Kee warned clients of choppy times ahead last December, when the Fed began telegraphing they would be removing stimulus and “the demand fabricated component of the demand variable,” hearkening the return of natural risk perceptions.
“What that means is volatility. In normal market conditions you have volatile conditions,” he said. “It’s not what people are used to because stimulus has been a component since most people have been in the market nowadays, especially all the new [investors].” Pre 2010, markets were naturally volatile, he reminded us.
But as the ECB is still buying aggressively and the Fed hasn’t quite reduced its balance sheet, meaning the fabricated demand is still there, he said.
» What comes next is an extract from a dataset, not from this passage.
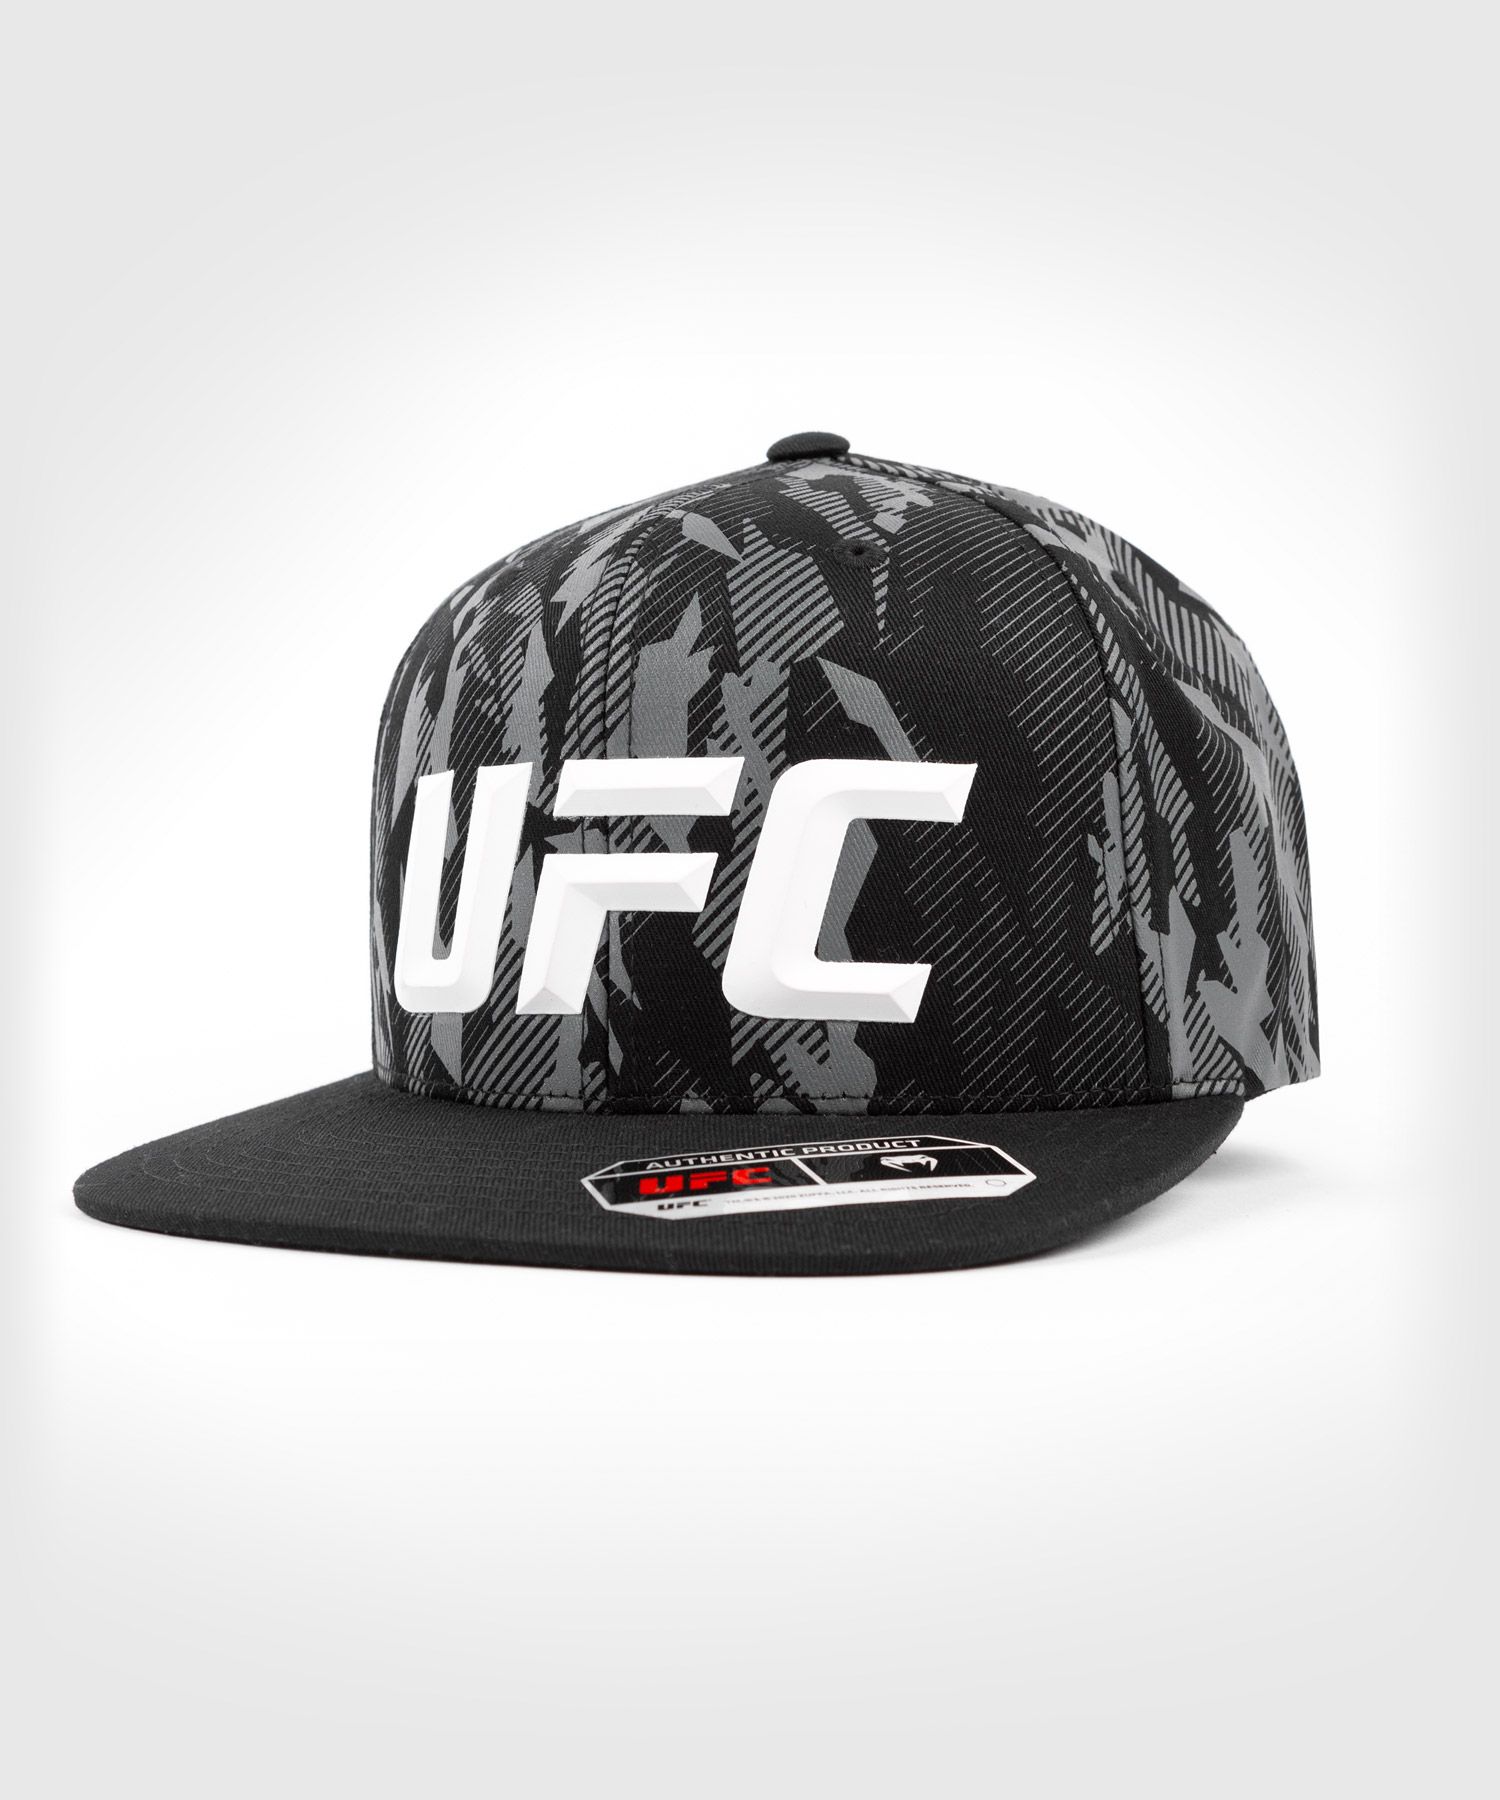 UFC Venum Authentic Fight Week Unisex Hat - Black

While market volatility has left some investors unsure of what to do and panicky, Kee said he was not seeing signs of an immediate crash risk, based on his proprietary Evitar Corte Model, which uses FOMC monetary policy to define market crash risk.
What should investors do with this info? Kee has long been a fan of index ETF strategies, and suggested investors do the same, only buying or selling index ETFs — he prefers the highly liquid SPDR S&P 500 ETF Trust
SPY,
He cautioned it will take much longer for investors with multiple stocks in their portfolios to control risk.
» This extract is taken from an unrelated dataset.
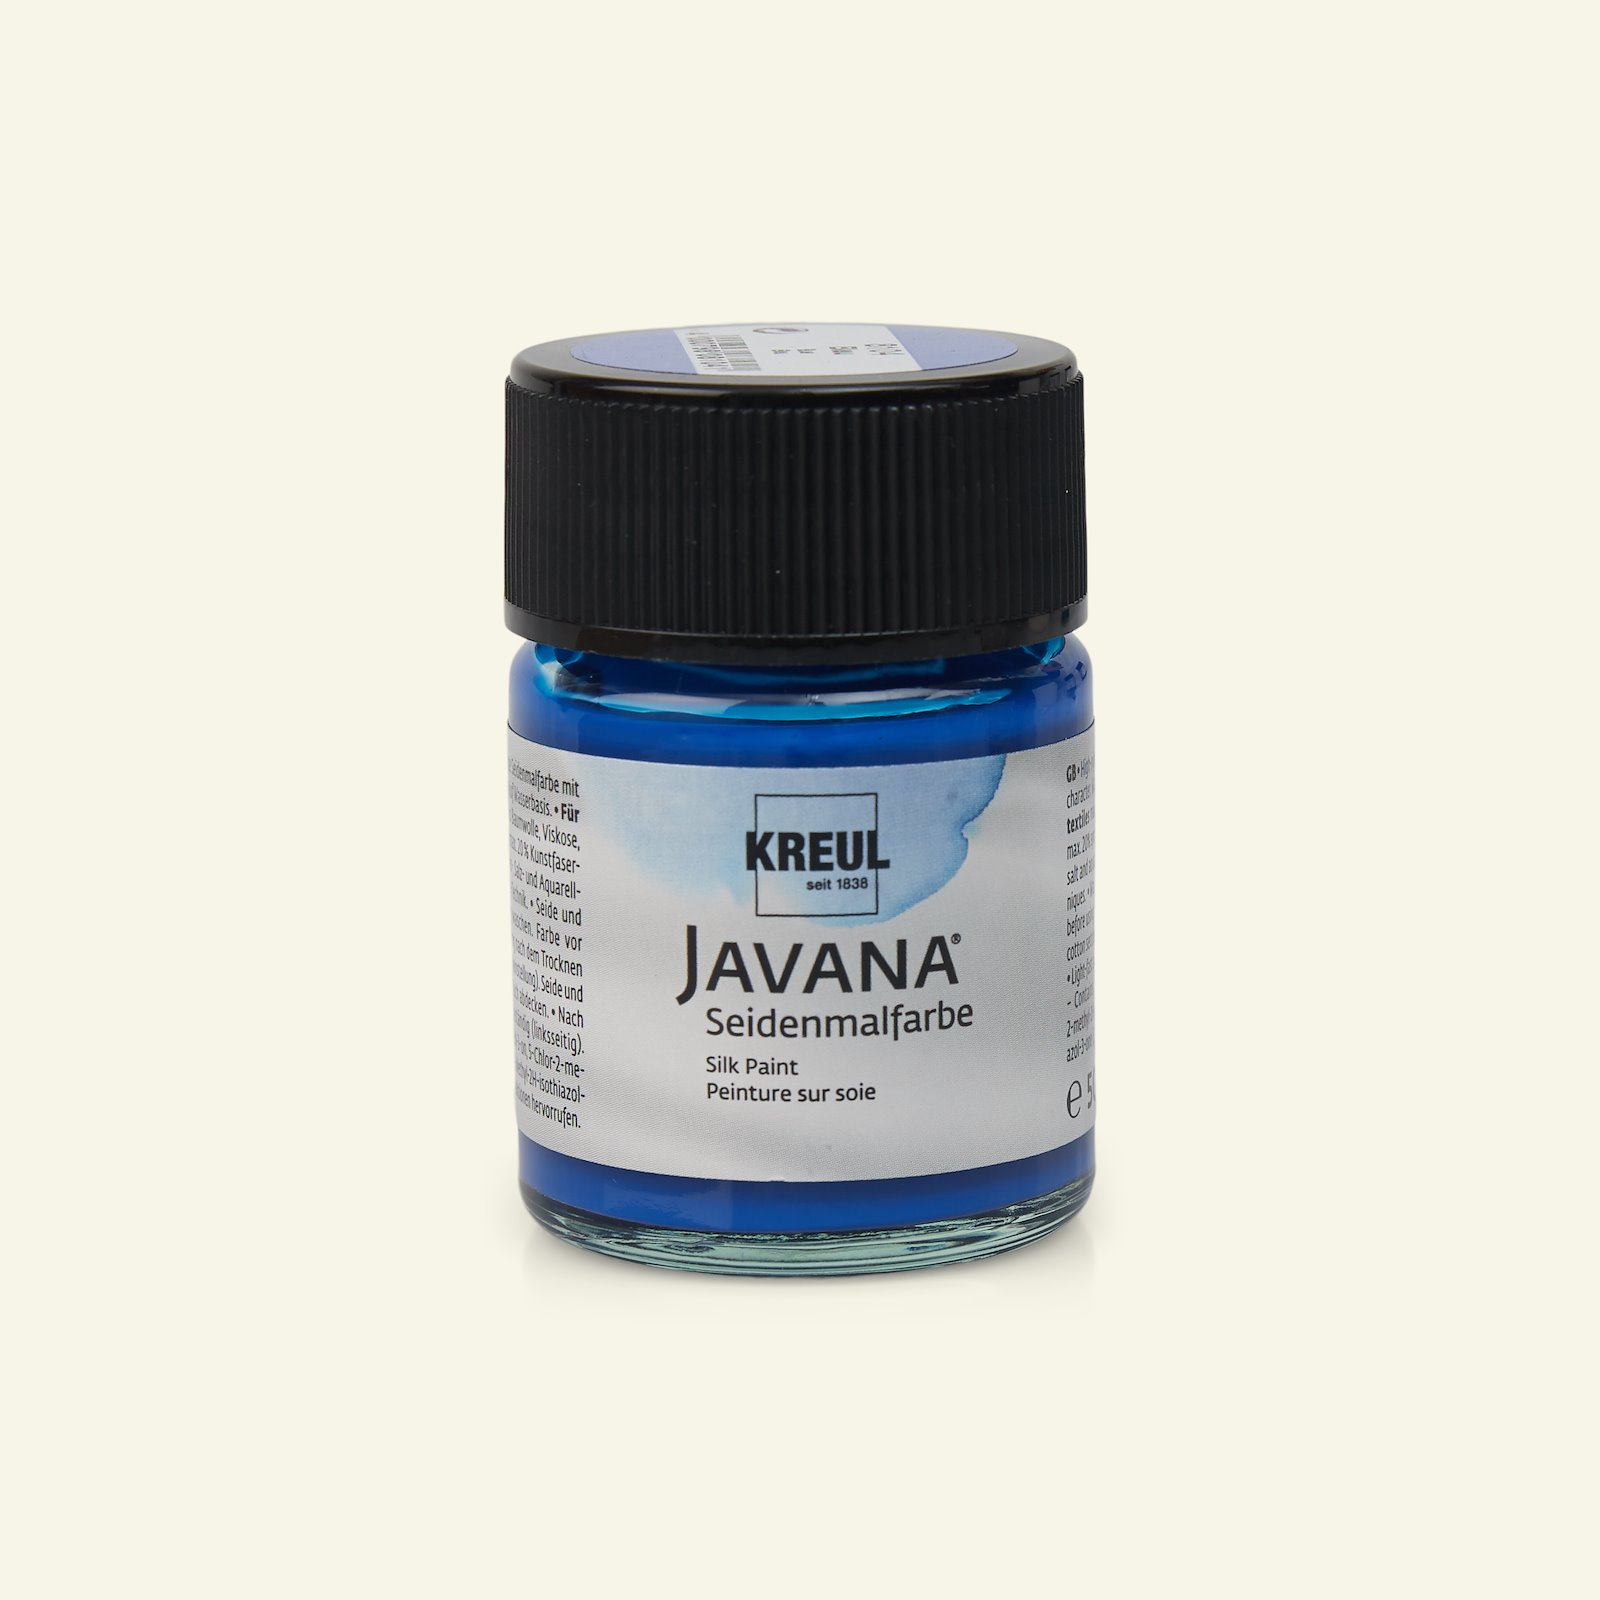 Javana sidenfärg, blå, 50ml 29641_pack_b

Since 2000, an investor putting money only in the S&P 500 ETF
SPY,
and cash, moving to cash when his crash indicator was warning of high risk, but all other times investing in the S&P 500 ETF, would be beating the market by 530%, said Kee.
Kee said there are two types of retail investors out there: those who like to trade and those who just want to hold and stay invested. The latter should just focus on being able to neutralize their portfolio and focus on a market crash model that tells them if that’s coming and make it more nimble. The other investor who likes to trade just needs to look at daily or weekly pivot points for the S&P 500.
Right now investing in SPY is better than cash, but last December cash was the better investment, he said.
Kee said that their Fibonacci calculator just triggered a buy for the S&P 500 at 3,884. “This calculator is adapted for the stock market, based on mathematical formulas that are governed by human emotion, and without stimulus that is exactly what the market is left with,” he said.
The money manager’s message is clear: “Volatiltiy is here, it’s coming and you better be ready for it and your portfolio better be prepared to handle it as well. Because it’s really difficult for people who have never experienced real volatility to handle volatility,” he said.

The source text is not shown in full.